In Cuba, the name of this dish refers to the mix of African and Spanish cultures. Vegetarians can make an entrée of this soul-satisfying side.
2 cups uncooked long-grain rice
2 tablespoons olive oil
2 cups chopped onion
2 cups chopped green bell pepper
6 garlic cloves, minced
1 cup chopped seeded tomato
2 tablespoons sherry vinegar
2 teaspoons ground cumin
1 1/2 teaspoons dried oregano
1 teaspoon ground coriander
1 teaspoon fennel seeds, crushed
1/2 teaspoon salt
1/4 teaspoon ground red pepper
1/4 cup water
3 (15-ounce) cans 50%-less-sodium black beans, rinsed and drained
6 dashes hot pepper sauce (such as Tabasco)
How to Make It
Cook rice according to package directions, omitting salt and fat.
Heat oil in a large saucepan over medium-high heat. Add onion, bell pepper, and garlic to pan; cook 10 minutes or until tender, stirring occasionally. Add tomato to pan; cook for 2 minutes. Add vinegar and the next 6 ingredients (through red pepper) to pan; cook for 2 minutes. Stir in 1/4 cup water, beans, and pepper sauce; bring to a boil. Reduce heat, and simmer for 10 minutes or until heated through, stirring occasionally.

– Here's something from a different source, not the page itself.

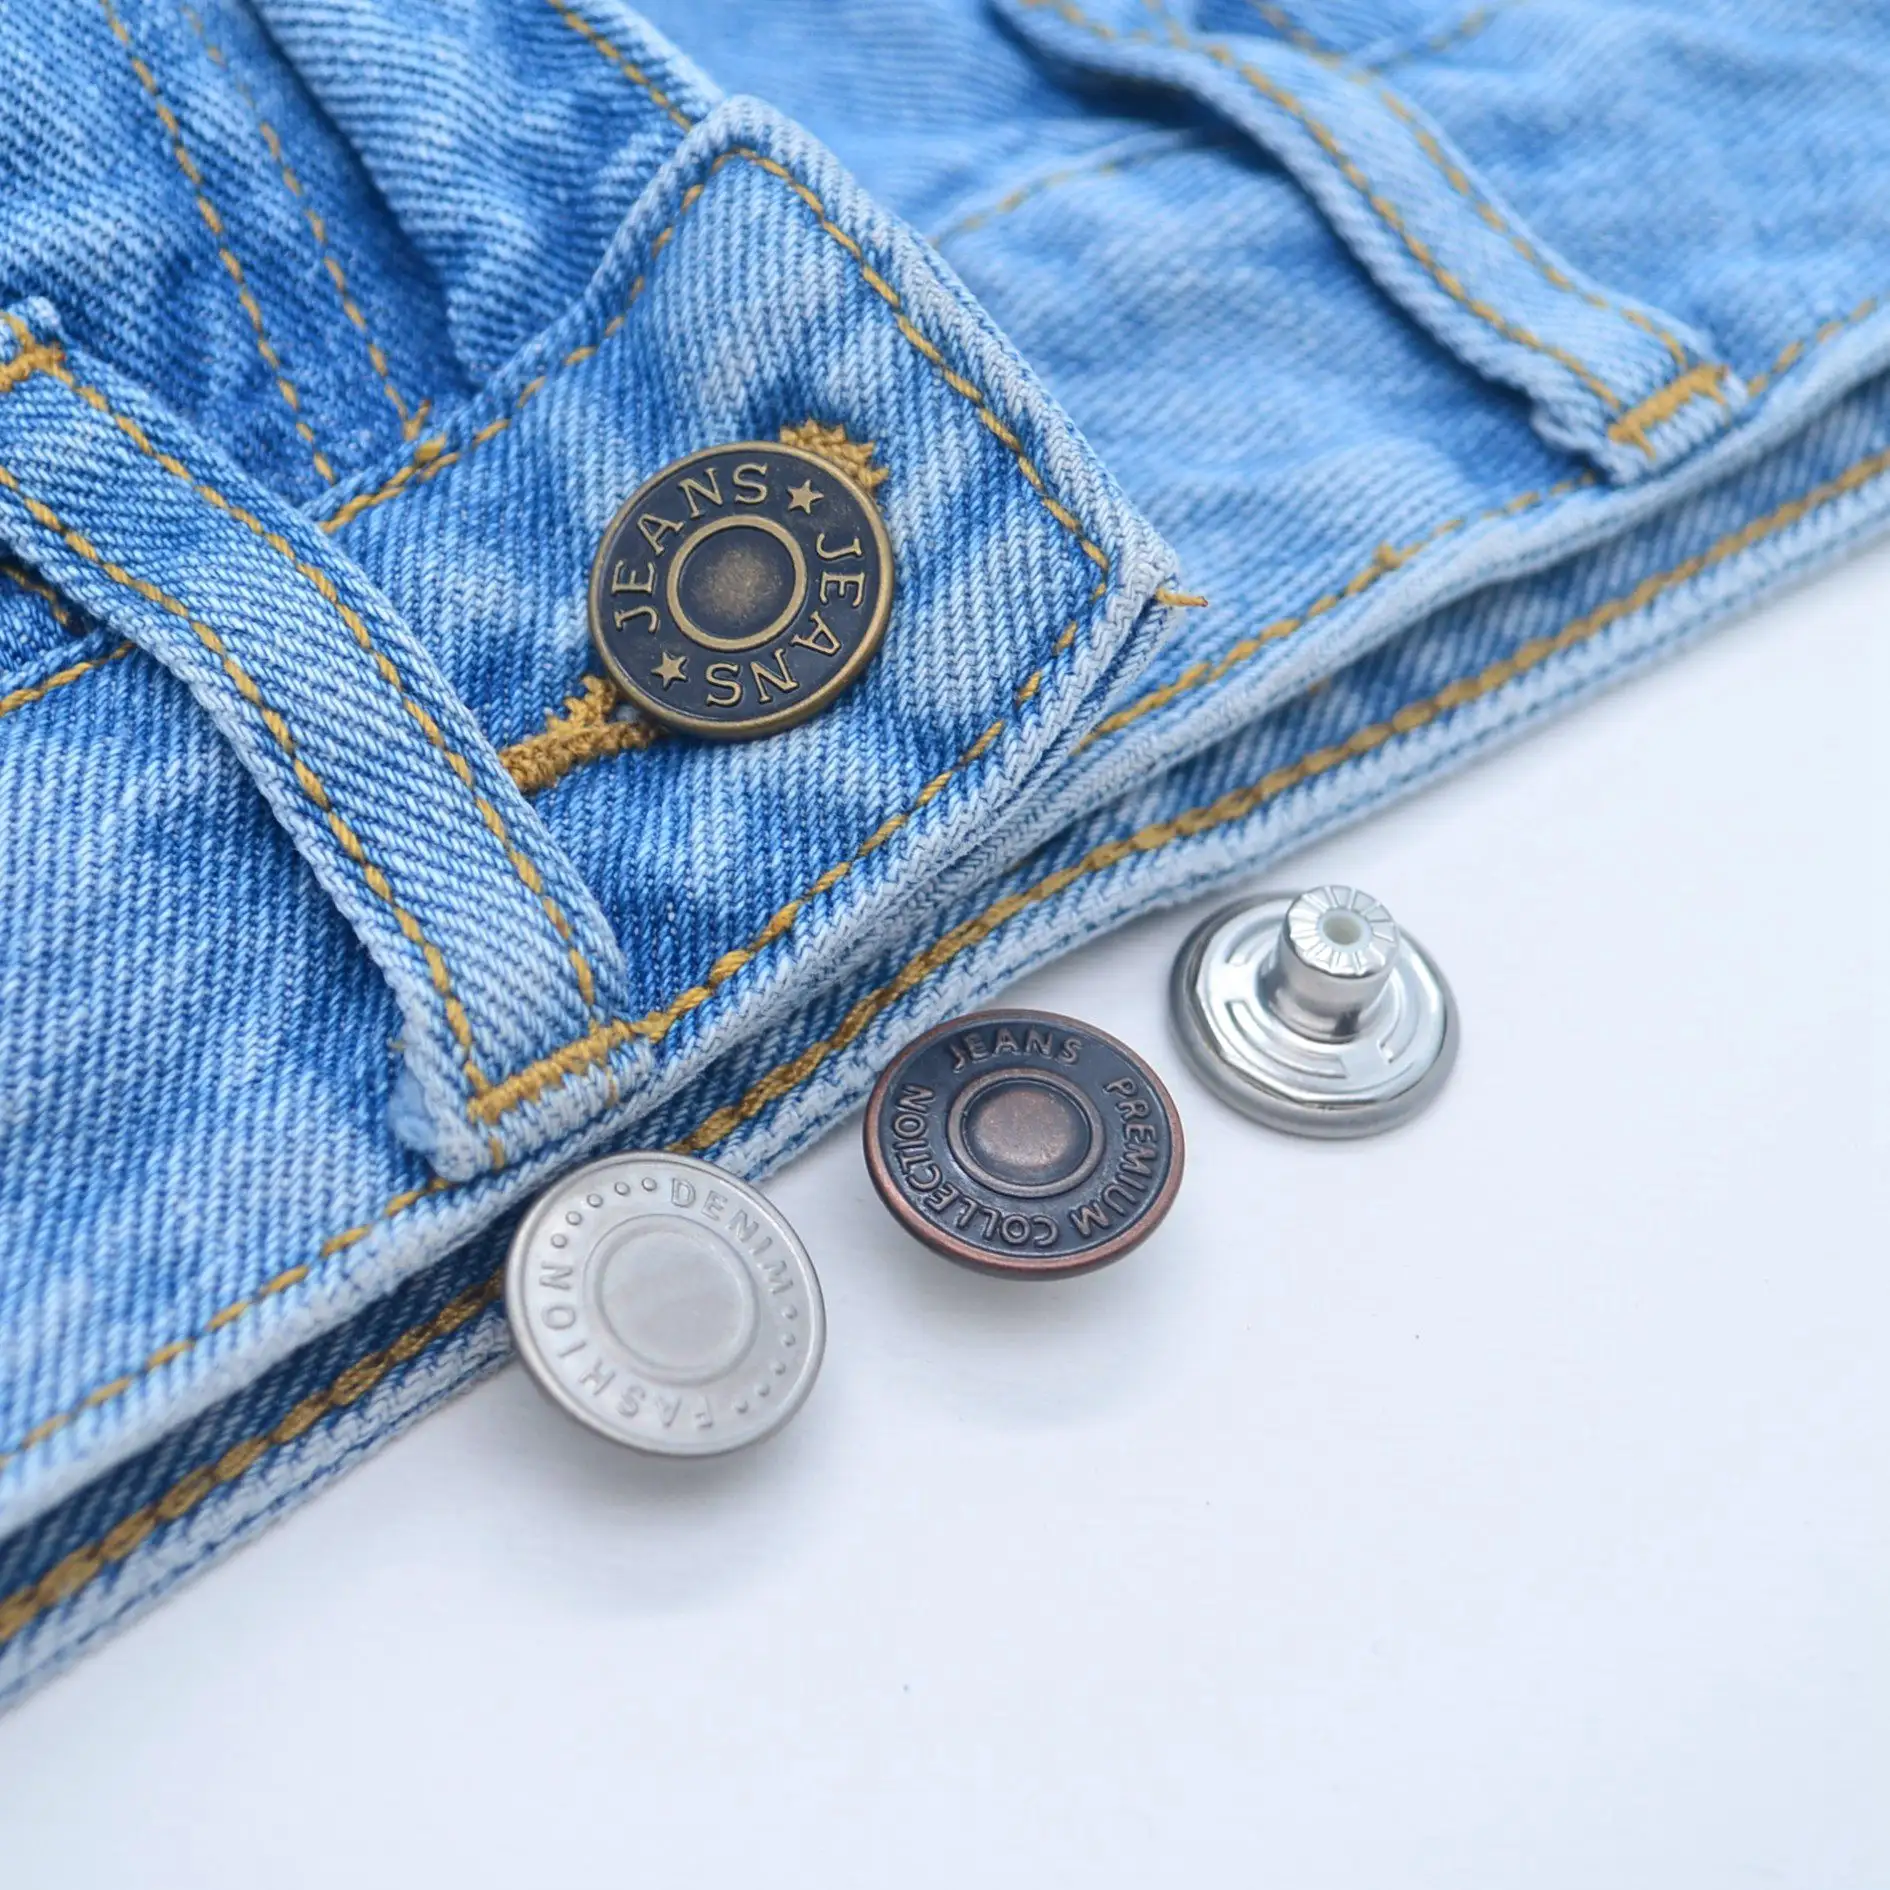 Fashion Lion Head Sewing Button Round Shaped Metal Button Set for Men Women Blazer Uniform Coat Silver, 20mm 10PCS Clothes Buttons Shirt Suit and Jacket
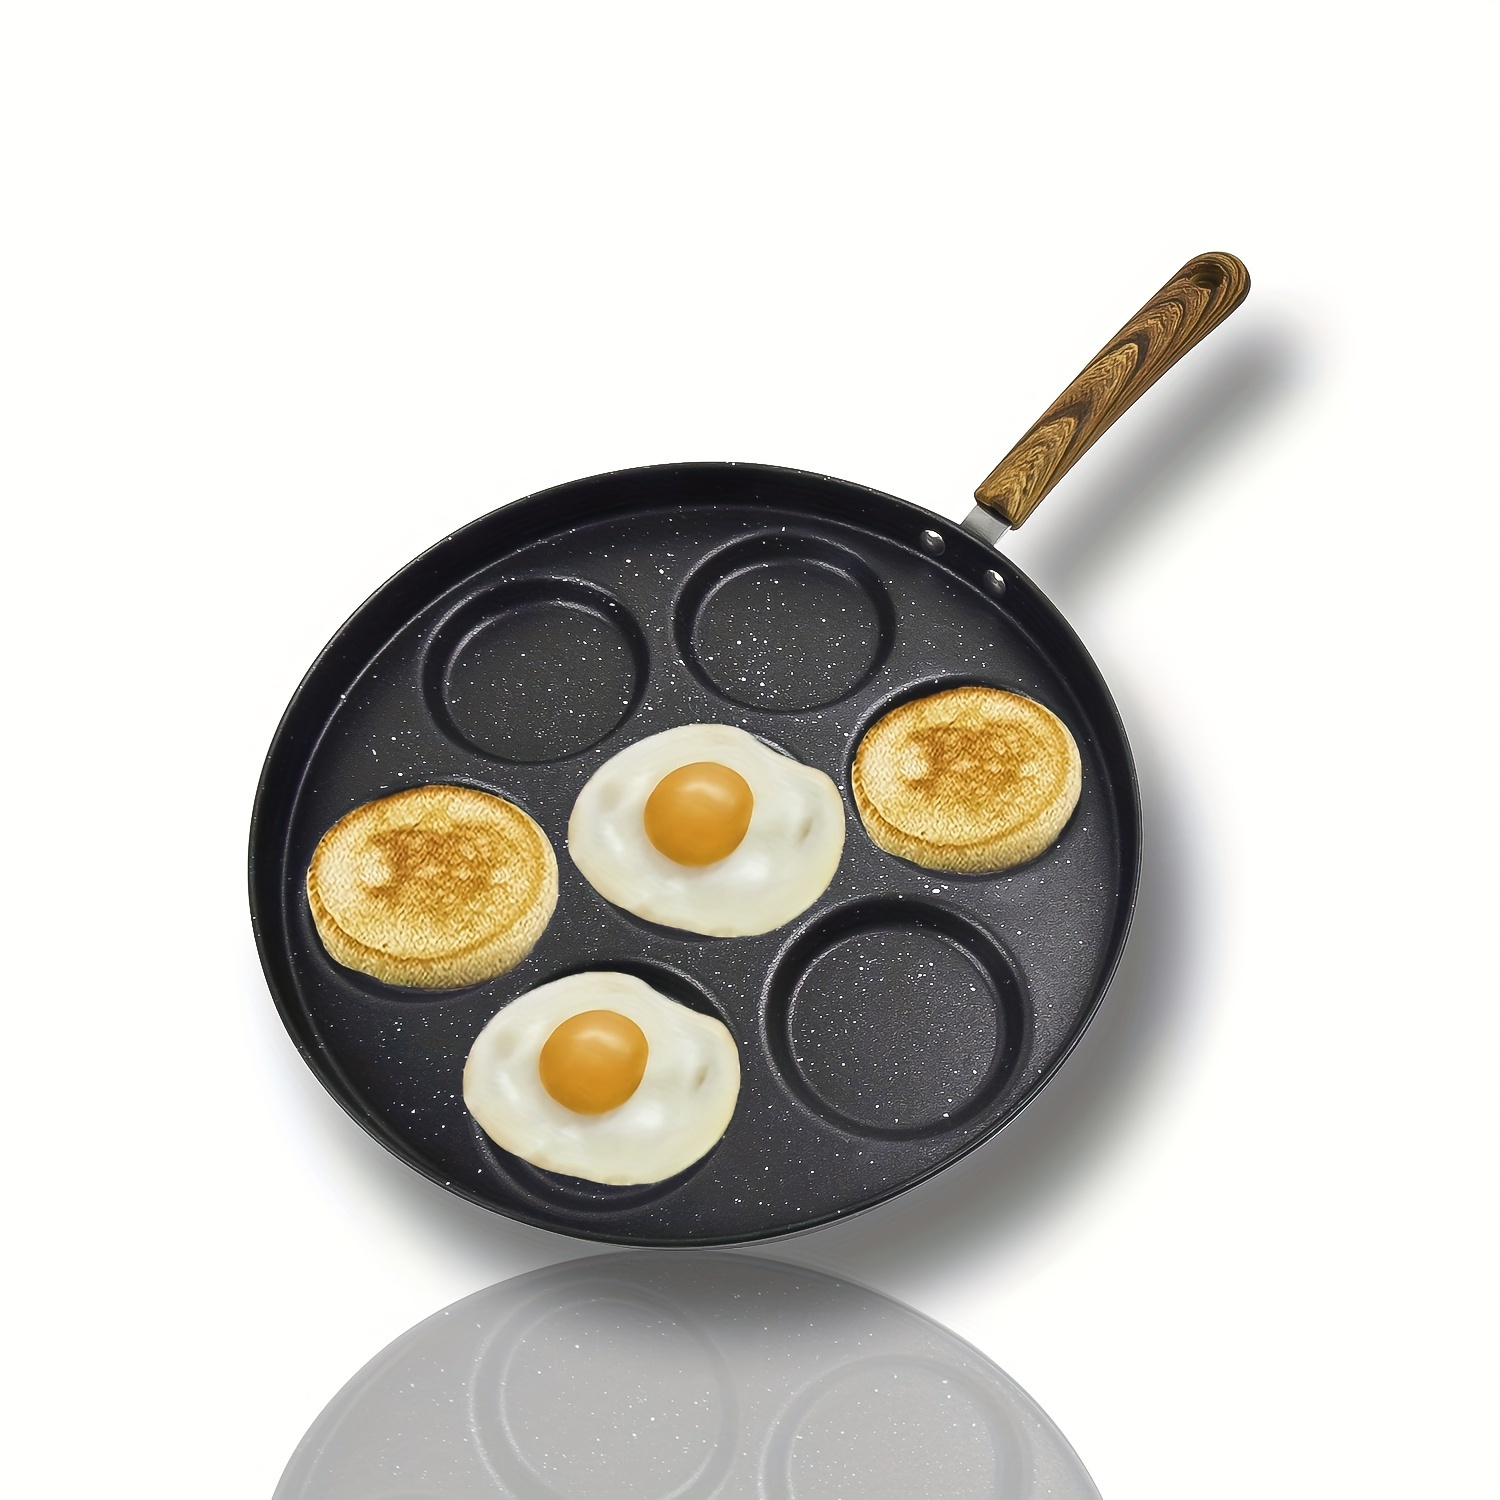 sarten para pancakes panqueques de ceramica antiadherente accesorios cocina

I've made this several times (following the recipe exactly), and each time was impressed by the terrific flavors. This is my go-to rice and beans dish. Will make again often! And yes, it doese make an awesome burrito filling too...
The recipe states to cook the rice, then gives directions for cooking the beans. The rice is not mentioned again in the recipe. Are these supposed to be served separately or mixed together? This recipe needs clarification.
Was looking for a substantial side to go with a bit of leftover ginger and thyme-brined pork loin roast--something hearty that would complement the ginger notes in the meat. This was fantastic! We all loved it. I made 1/3 the recipe but kept the spices at 1/2 since we find that CL recipes are a little under-spiced for our tastes. Also added Tabasco at the table. This rice and beans dish, the sliced cold pork, steamed kale, and some sliced melon made quite a feast.
Made this for my son's second grade class assignment: he had to do a presentation on Cuba and bring something Cuban to eat. It was SO good that I made it the next night for my family...very simple, cheap and delicious!
I used a 1/2 pound dried black beans. I substituted fresh cilantro for the coriander and fresh oregano for the dried oregano. I followed the recipe omitting all the salt until the beans had cooked for about three hours. I then seasoned with salt and continued to cook for about another hour. The finished beans were DELISH! Everyone in the family from the toddler to the adults gobbled these up.